On the other hand, there are indigenous peoples whose legal conceptions, though differently developed, are hardly less precise than our own. When once they have been studied and understood they are no less enforceable than rights arising under English law. Between the two there is a wide tract of much ethnological interest, but the position of the natives of Southern Rhodesia within it is very uncertain; clearly they approximate rather to the lower than to the higher limit . . . By the will of the Crown and in exercise of its rights the old state of things, whatever its exact nature, as it was before 1893, has passed away and another and, as their Lordships do not doubt, a better has been established in lieu of it. Whoever now owns the unalienated lands, the natives do not.”

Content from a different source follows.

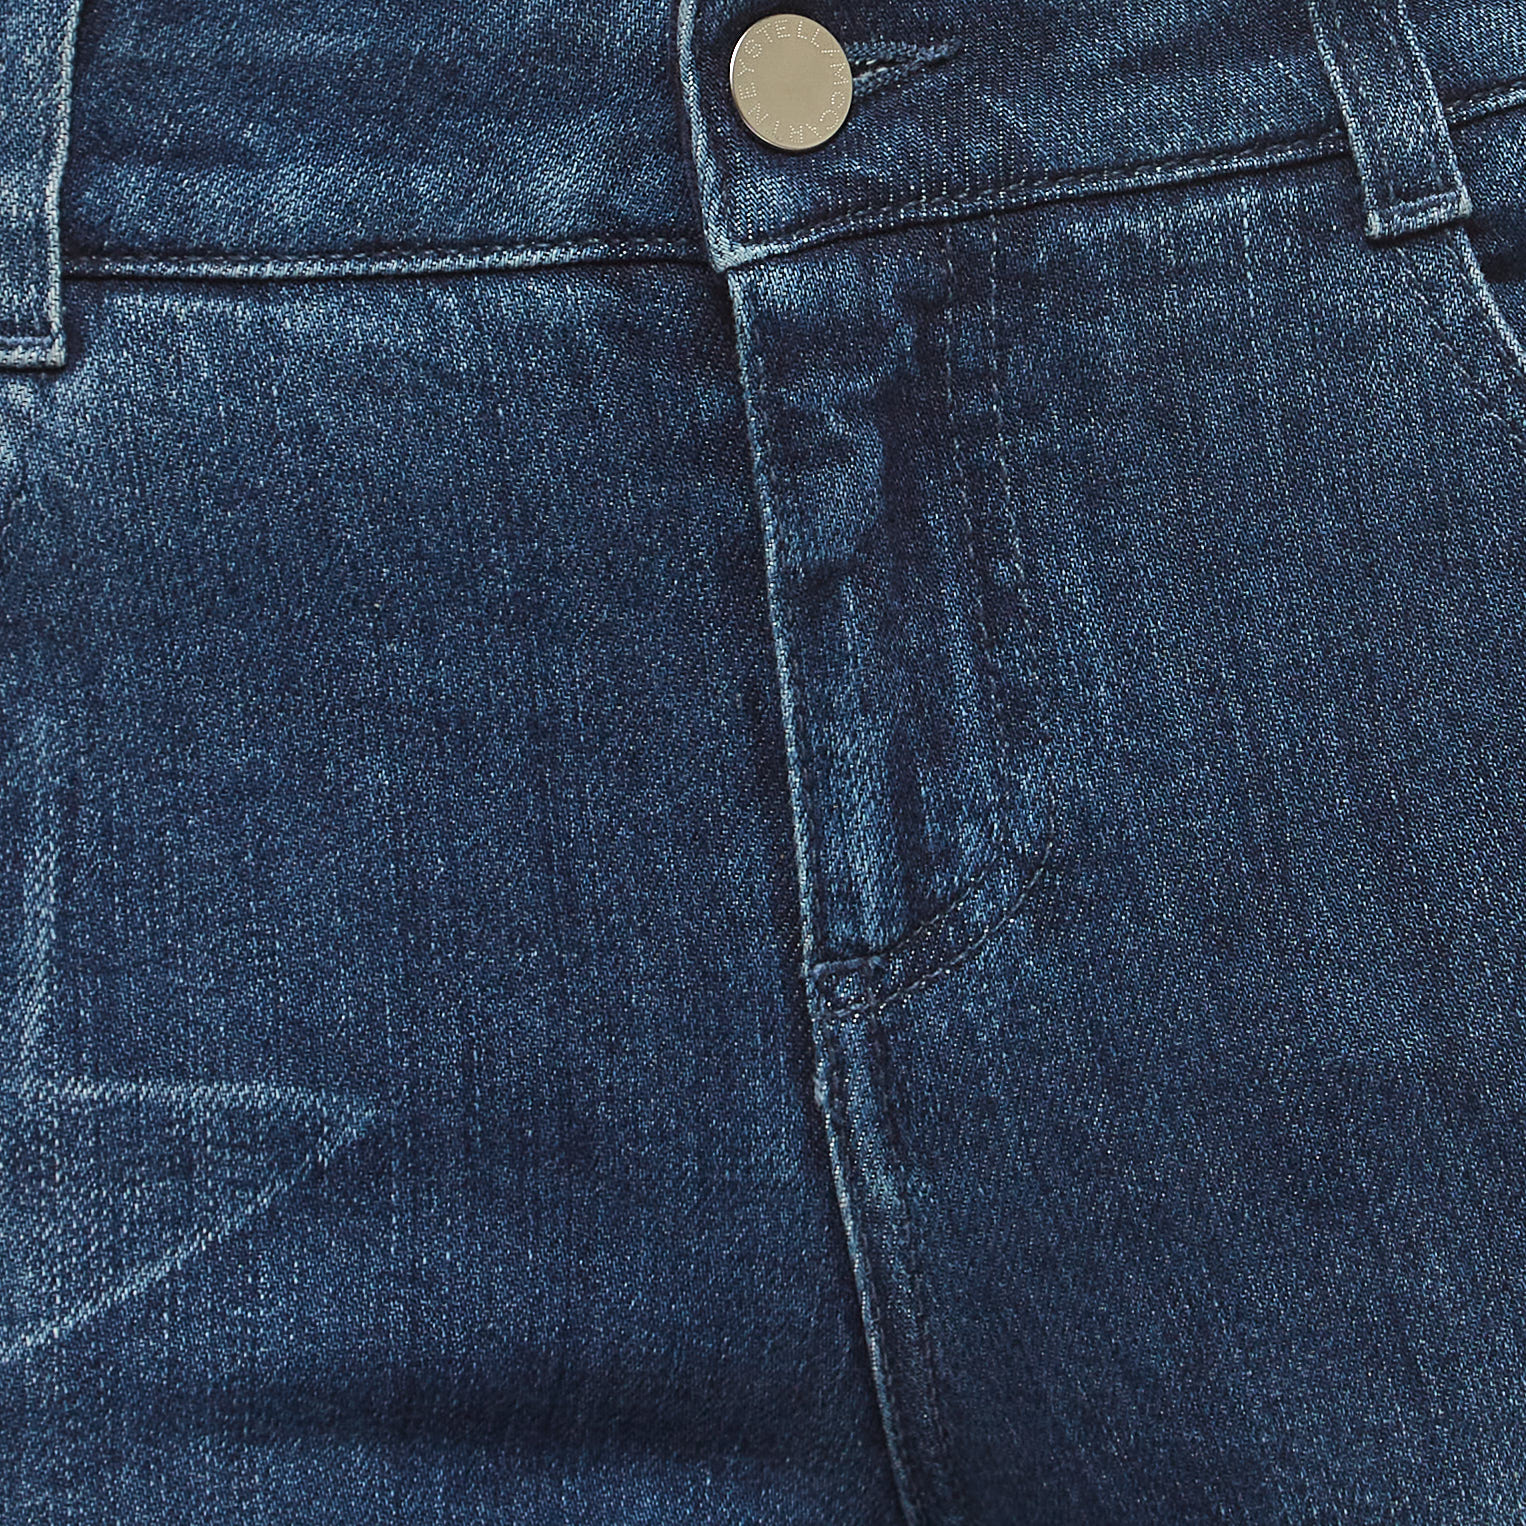 Stella McCartney Blue Star Patterned Denim Skinny Jeans M Waist 28

So, we were rather fortunate that these kind people did not drive us all to the Kalahari, because we had no right to be here. We did not own the land, we had probably migrated from somewhere, and had no right to any of the land, being too primitive to know what land ownership meant. Forget the fact that only a few years before the whole country had risen en-masse to fight for this very same land, forget that such uprising had been met with an extermination of the “n*ggers” to “wipe them out”.